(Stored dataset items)
■ ■ ■ ■

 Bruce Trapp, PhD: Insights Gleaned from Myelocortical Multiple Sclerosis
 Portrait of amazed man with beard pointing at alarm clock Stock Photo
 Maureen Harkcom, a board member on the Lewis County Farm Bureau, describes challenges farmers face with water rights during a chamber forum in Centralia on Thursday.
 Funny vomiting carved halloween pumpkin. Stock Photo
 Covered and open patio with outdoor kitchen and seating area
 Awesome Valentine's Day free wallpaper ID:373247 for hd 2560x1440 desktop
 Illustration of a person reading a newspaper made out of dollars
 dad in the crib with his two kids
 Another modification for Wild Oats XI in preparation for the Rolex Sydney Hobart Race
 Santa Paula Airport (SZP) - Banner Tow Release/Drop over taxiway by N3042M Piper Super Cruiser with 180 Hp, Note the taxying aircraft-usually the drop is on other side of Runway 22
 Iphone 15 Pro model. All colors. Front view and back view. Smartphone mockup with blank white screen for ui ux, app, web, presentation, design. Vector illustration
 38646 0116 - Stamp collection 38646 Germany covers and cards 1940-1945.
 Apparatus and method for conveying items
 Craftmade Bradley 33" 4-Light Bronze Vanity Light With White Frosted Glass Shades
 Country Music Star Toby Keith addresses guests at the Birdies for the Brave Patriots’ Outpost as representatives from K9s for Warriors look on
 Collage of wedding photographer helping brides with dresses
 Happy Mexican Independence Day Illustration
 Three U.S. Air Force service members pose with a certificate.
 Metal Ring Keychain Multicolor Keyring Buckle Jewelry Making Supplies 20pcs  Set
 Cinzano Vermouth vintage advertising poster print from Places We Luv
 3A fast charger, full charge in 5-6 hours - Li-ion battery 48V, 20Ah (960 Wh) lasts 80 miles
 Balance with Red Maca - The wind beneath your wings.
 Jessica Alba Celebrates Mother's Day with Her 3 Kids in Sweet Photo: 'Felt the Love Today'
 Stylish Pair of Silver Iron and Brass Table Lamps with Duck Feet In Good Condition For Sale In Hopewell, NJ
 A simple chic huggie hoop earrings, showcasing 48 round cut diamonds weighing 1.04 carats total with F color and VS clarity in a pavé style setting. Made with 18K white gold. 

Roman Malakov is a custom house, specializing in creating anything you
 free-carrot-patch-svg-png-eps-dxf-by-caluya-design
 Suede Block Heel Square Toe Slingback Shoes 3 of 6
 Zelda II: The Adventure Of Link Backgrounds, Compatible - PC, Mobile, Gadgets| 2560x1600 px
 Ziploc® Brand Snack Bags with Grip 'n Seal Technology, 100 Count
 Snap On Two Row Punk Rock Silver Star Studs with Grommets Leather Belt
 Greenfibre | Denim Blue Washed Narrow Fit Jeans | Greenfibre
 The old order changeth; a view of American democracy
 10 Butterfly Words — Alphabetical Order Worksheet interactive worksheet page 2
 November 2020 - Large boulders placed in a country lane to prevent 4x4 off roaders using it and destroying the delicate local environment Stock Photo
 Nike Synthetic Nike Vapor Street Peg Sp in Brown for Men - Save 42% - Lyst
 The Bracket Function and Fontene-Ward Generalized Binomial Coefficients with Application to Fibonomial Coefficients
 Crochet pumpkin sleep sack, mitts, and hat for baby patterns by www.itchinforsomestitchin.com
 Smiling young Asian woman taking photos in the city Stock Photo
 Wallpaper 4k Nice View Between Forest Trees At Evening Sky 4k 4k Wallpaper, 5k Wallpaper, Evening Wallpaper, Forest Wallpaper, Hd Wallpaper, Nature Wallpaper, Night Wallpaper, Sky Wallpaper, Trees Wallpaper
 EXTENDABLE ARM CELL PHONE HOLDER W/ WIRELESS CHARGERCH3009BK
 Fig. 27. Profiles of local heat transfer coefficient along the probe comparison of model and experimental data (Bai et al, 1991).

■ ■ ■ ■

To do | With the line containing "Nike Synthetic Nike" as the start and the last line of the entries as the end, print that whole span exactly.

Answer box |
 Nike Synthetic Nike Vapor Street Peg Sp in Brown for Men - Save 42% - Lyst
 The Bracket Function and Fontene-Ward Generalized Binomial Coefficients with Application to Fibonomial Coefficients
 Crochet pumpkin sleep sack, mitts, and hat for baby patterns by www.itchinforsomestitchin.com
 Smiling young Asian woman taking photos in the city Stock Photo
 Wallpaper 4k Nice View Between Forest Trees At Evening Sky 4k 4k Wallpaper, 5k Wallpaper, Evening Wallpaper, Forest Wallpaper, Hd Wallpaper, Nature Wallpaper, Night Wallpaper, Sky Wallpaper, Trees Wallpaper
 EXTENDABLE ARM CELL PHONE HOLDER W/ WIRELESS CHARGERCH3009BK
 Fig. 27. Profiles of local heat transfer coefficient along the probe comparison of model and experimental data (Bai et al, 1991).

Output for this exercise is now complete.